DATASET SECTION>
--------
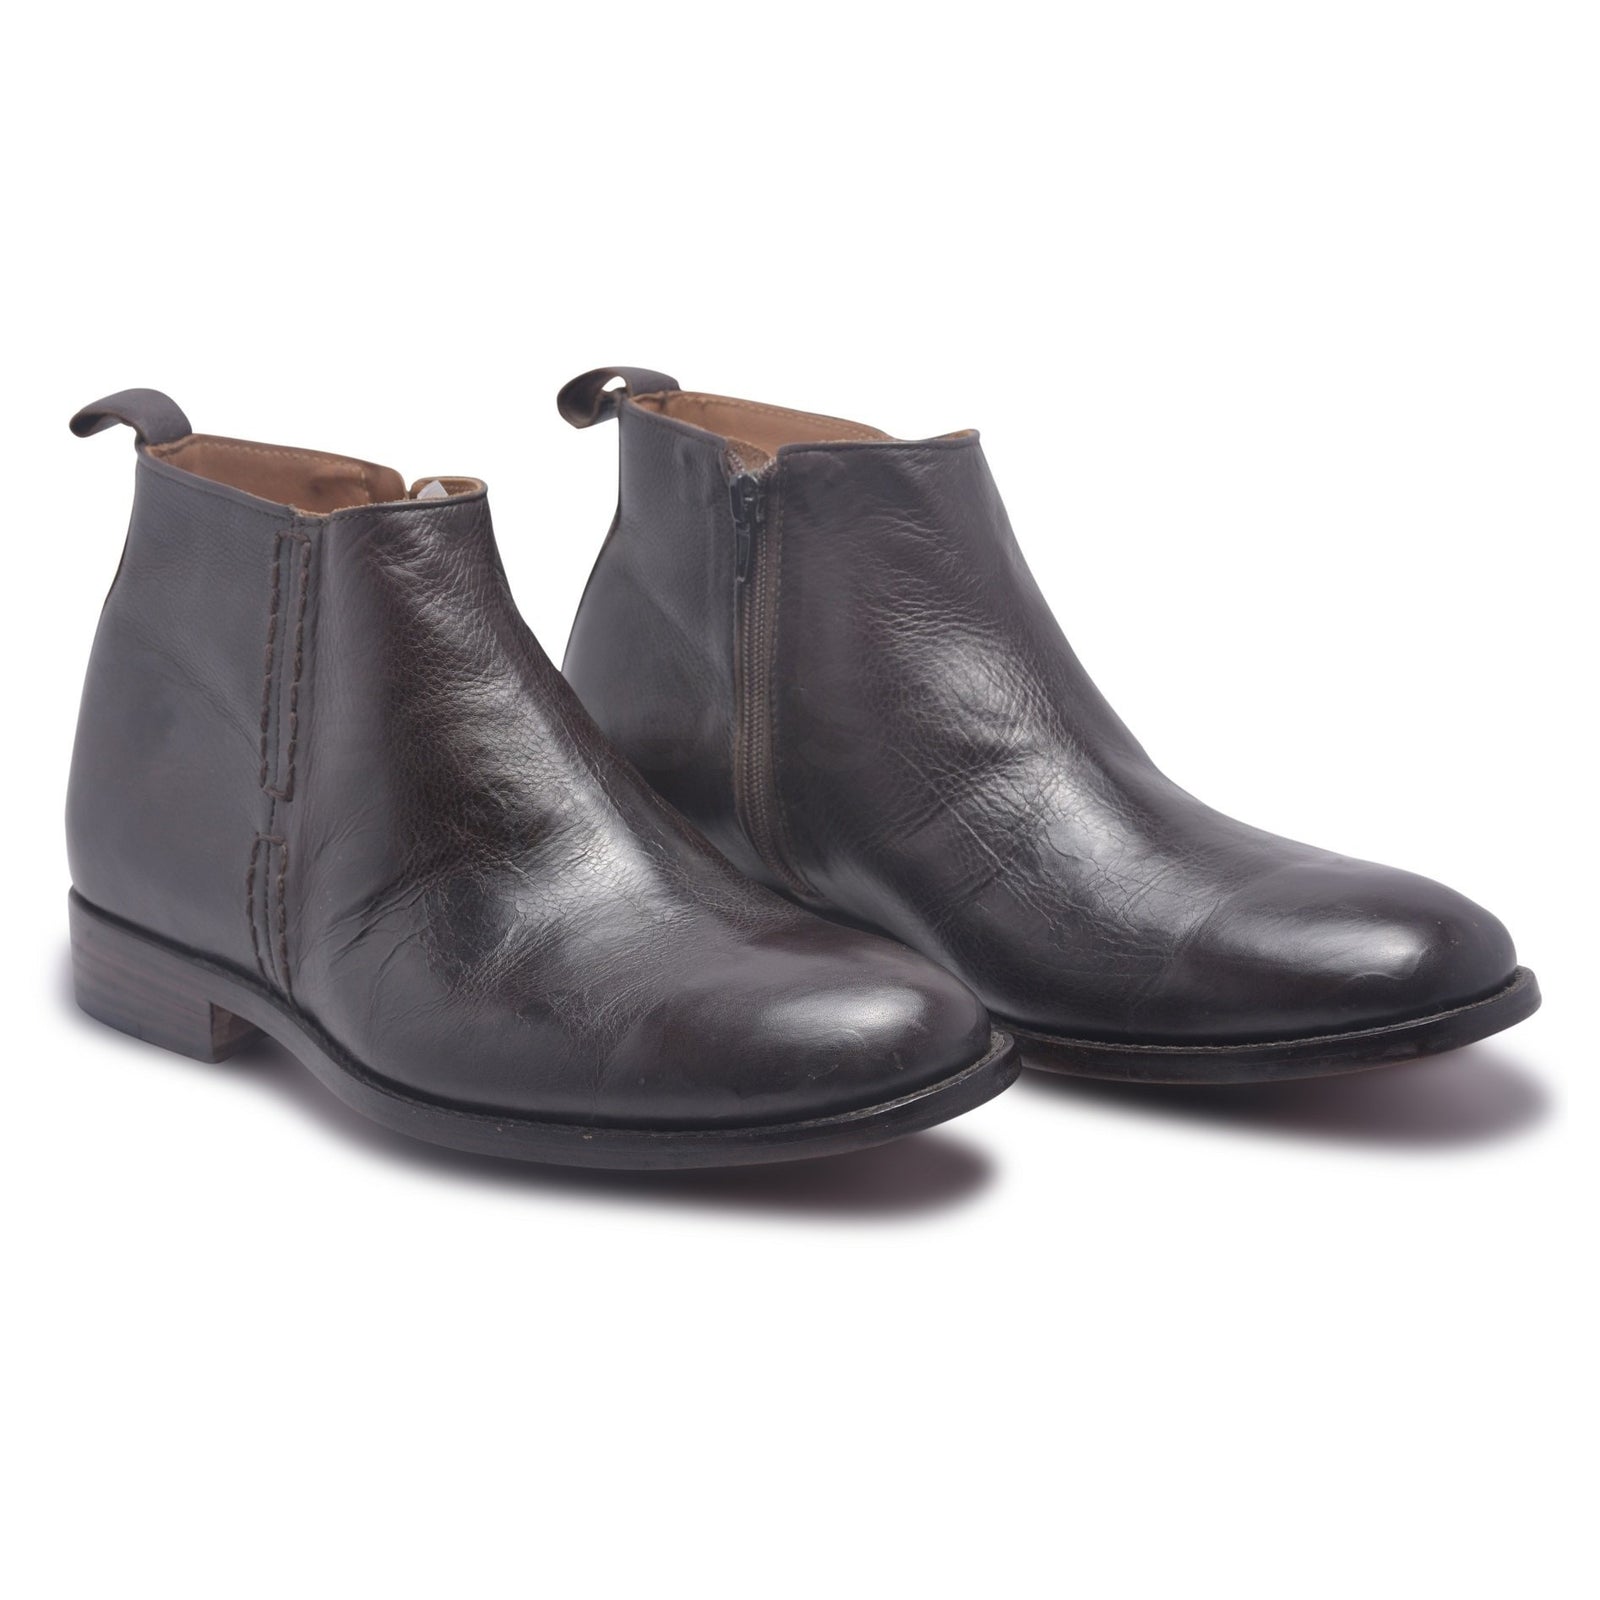 Stylish Zipper Boots for Men - Leather 
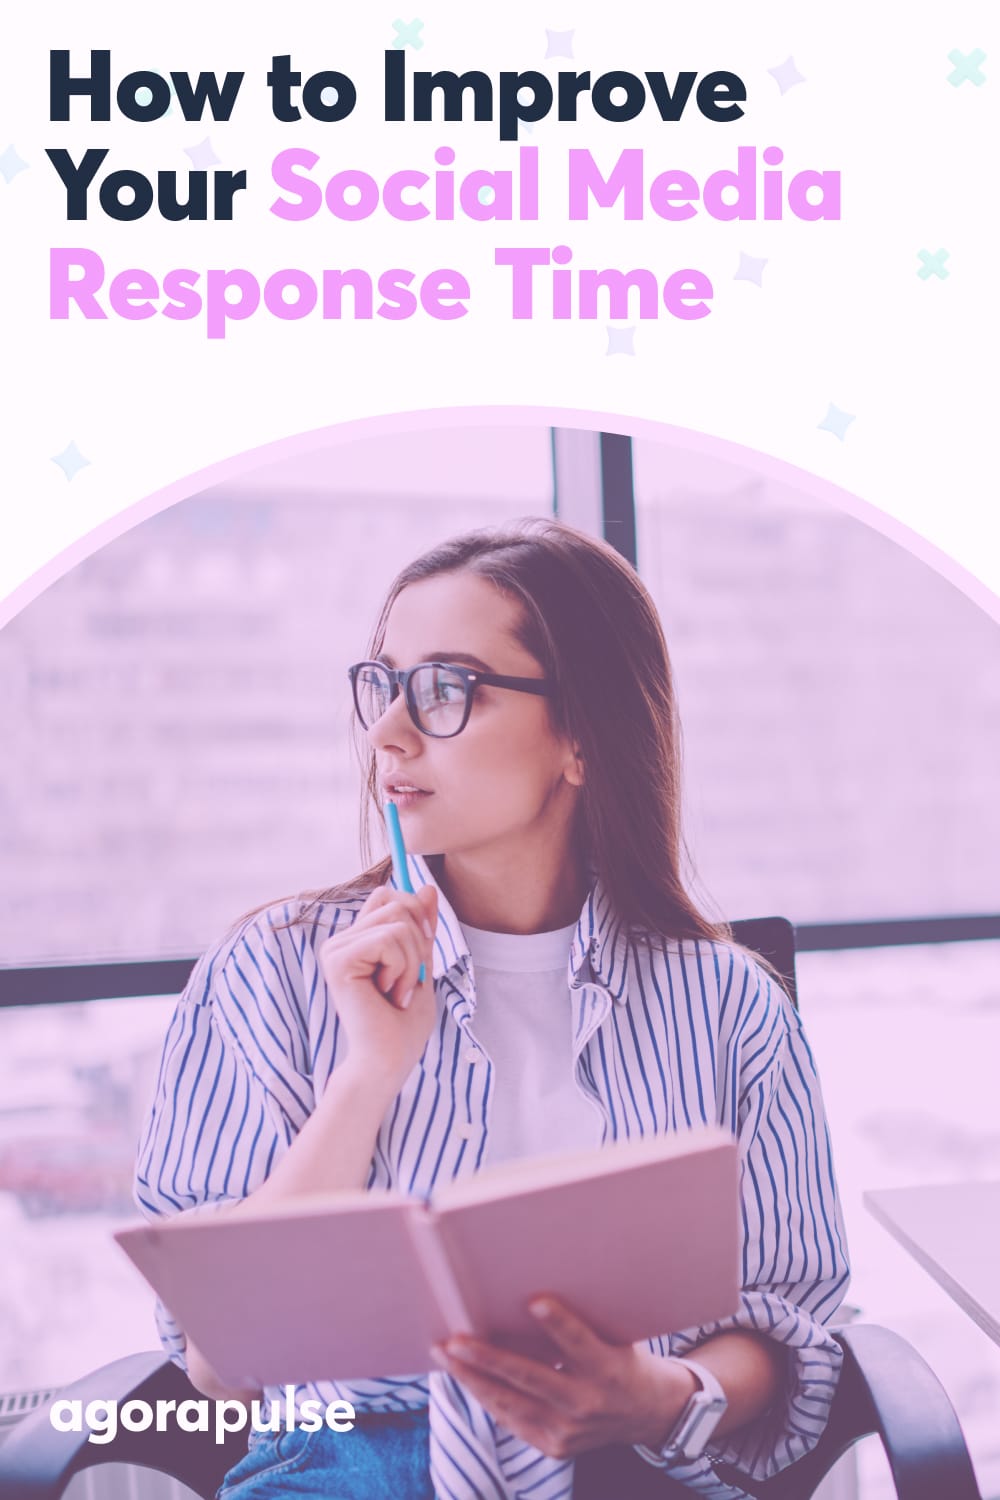 How to Improve Your Response Time for Better Customer Service
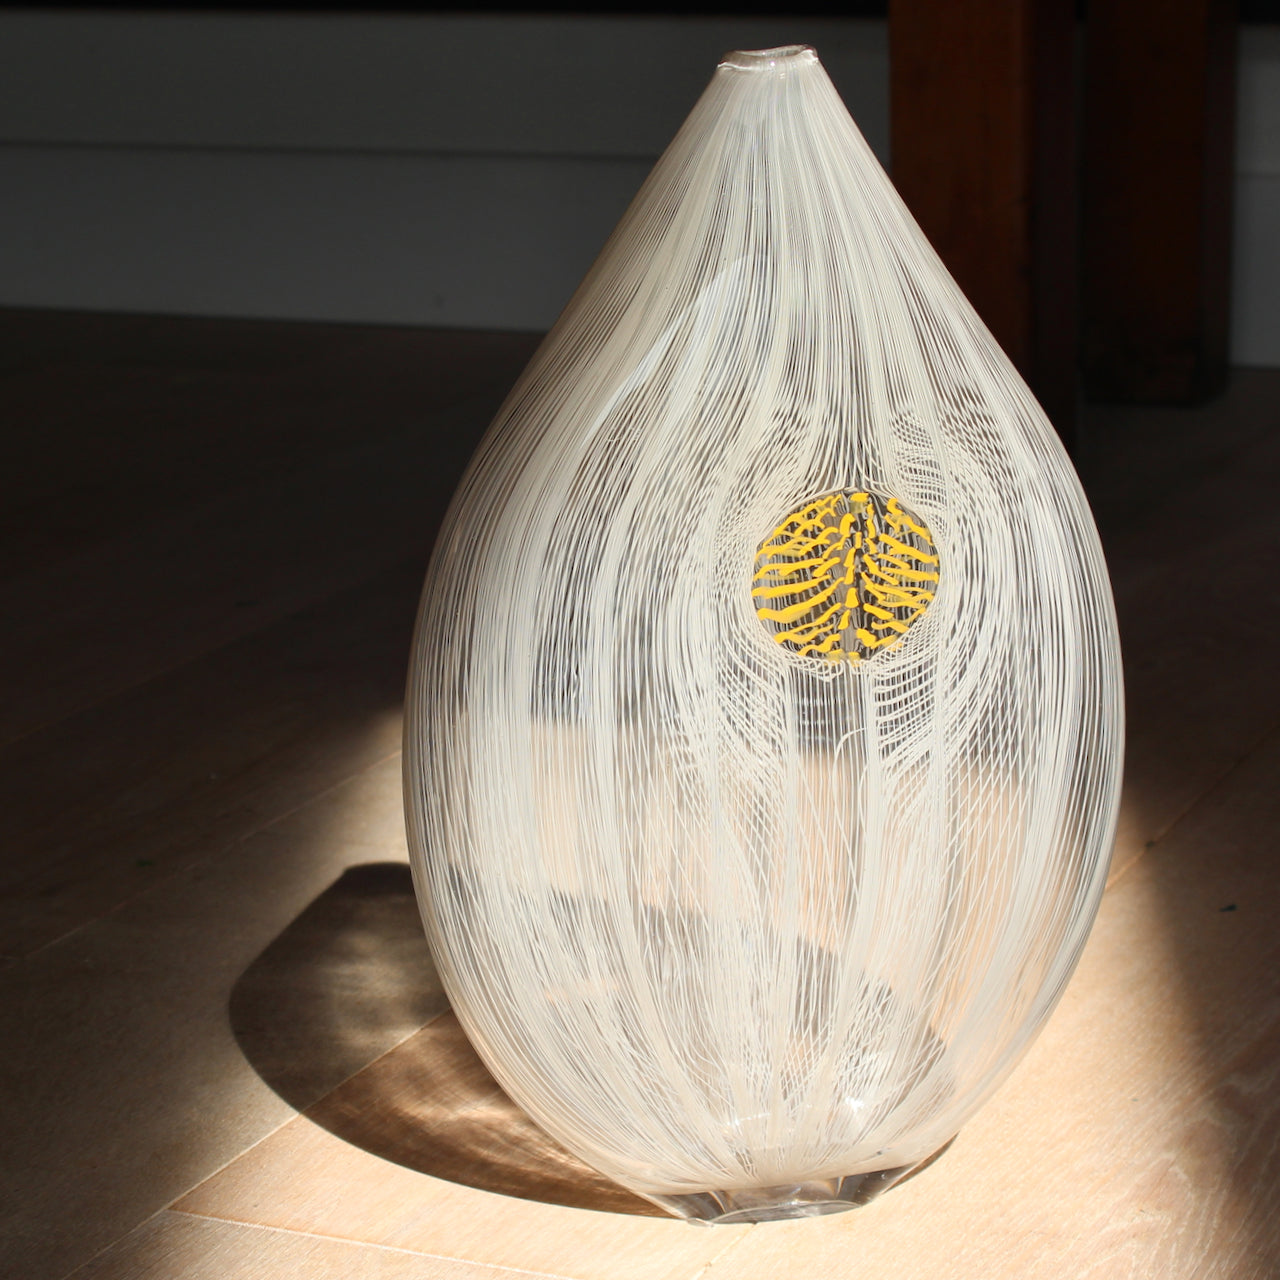 Benjamin Lintell tear shaped glass vase in  white and clear with central yellow detail 
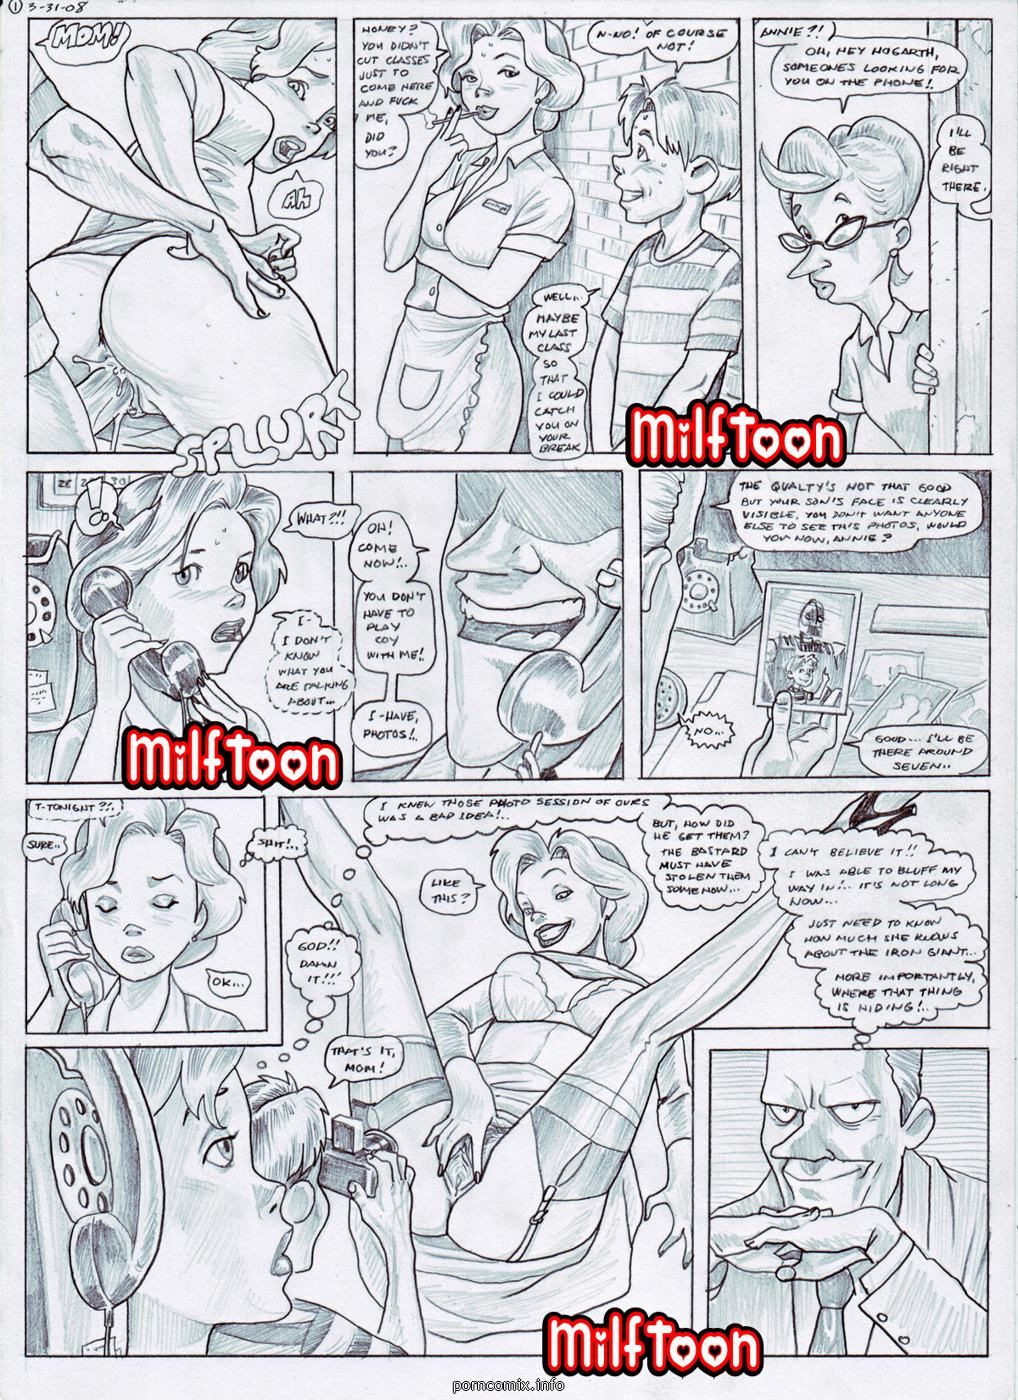 Milftoon - Iron Giant 2, Incest page 2
--------
PROBLEM STATEMENT> Would you copy all of the data exactly? Keep the pictures out of it.

TASK RESPONSE>
 Stylish Zipper Boots for Men - Leather 
 How to Improve Your Response Time for Better Customer Service
 Benjamin Lintell tear shaped glass vase in  white and clear with central yellow detail 
 Milftoon - Iron Giant 2, Incest page 2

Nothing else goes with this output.